So every few years I get a new sense of just how much I dislike politics.  This is something I have faced since high school, and is well rooted in experience.  I will see if I can summarize the scenarios that have brought me to my current state of disgust with the political process.

I believe it was my sophomore year in high school when some of the more politically minded students decided to have political parties for the student council elections that year.  It was a great idea – in theory.  In practice, it was both an exercise in the elitism that is high school politics, as well as the absurdity of it.  The party name?  The Spork Party.

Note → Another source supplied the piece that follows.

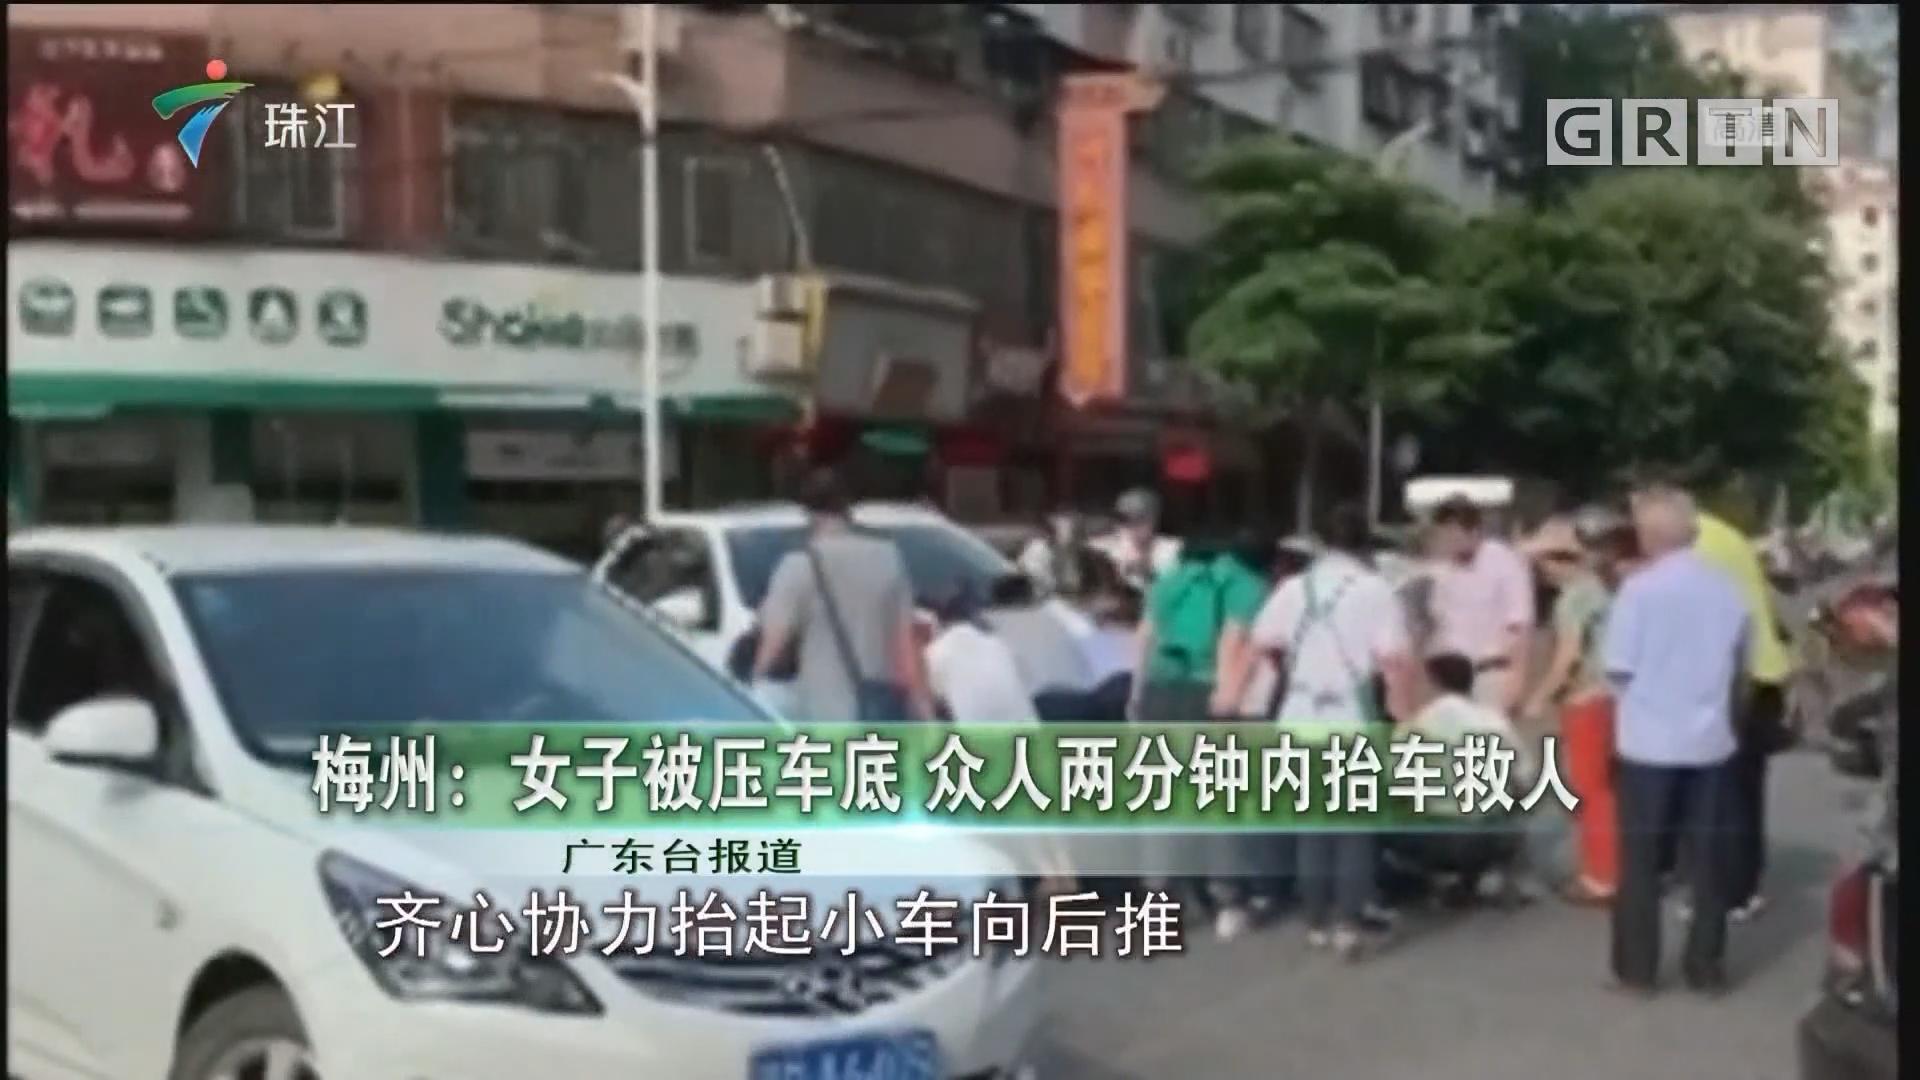 梅州:女子被压车底 众人两分钟内抬车救人

If you were not a member of the Spork Party, you were basically an independent ticket.  And while there is no problem with that, this was also a lesson in the failings of a party system when it is a one party system.  If you were not a member of the party ticket, you would not get elected.  So it was Spork Party or give up being involved in the Student Council.

I was at first on the ticket for both Representative and as Chancellor.  At the point in which we were to lock in our posts we were running for, the “Party Leaders” decided to ask me to step down as a candidate for Chancellor.  Their reasoning was that there was another student they wanted as Chancellor and they did not want to split the party vote.

Keep in mind, in addition to not being a fan of being told what I have to do; there was no reason for it.  As I stated above it was a one party system, and there were not even any primaries in which the party was allowed to speak their voice on their choice of candidate, and not just the minority of the people in charge of the party.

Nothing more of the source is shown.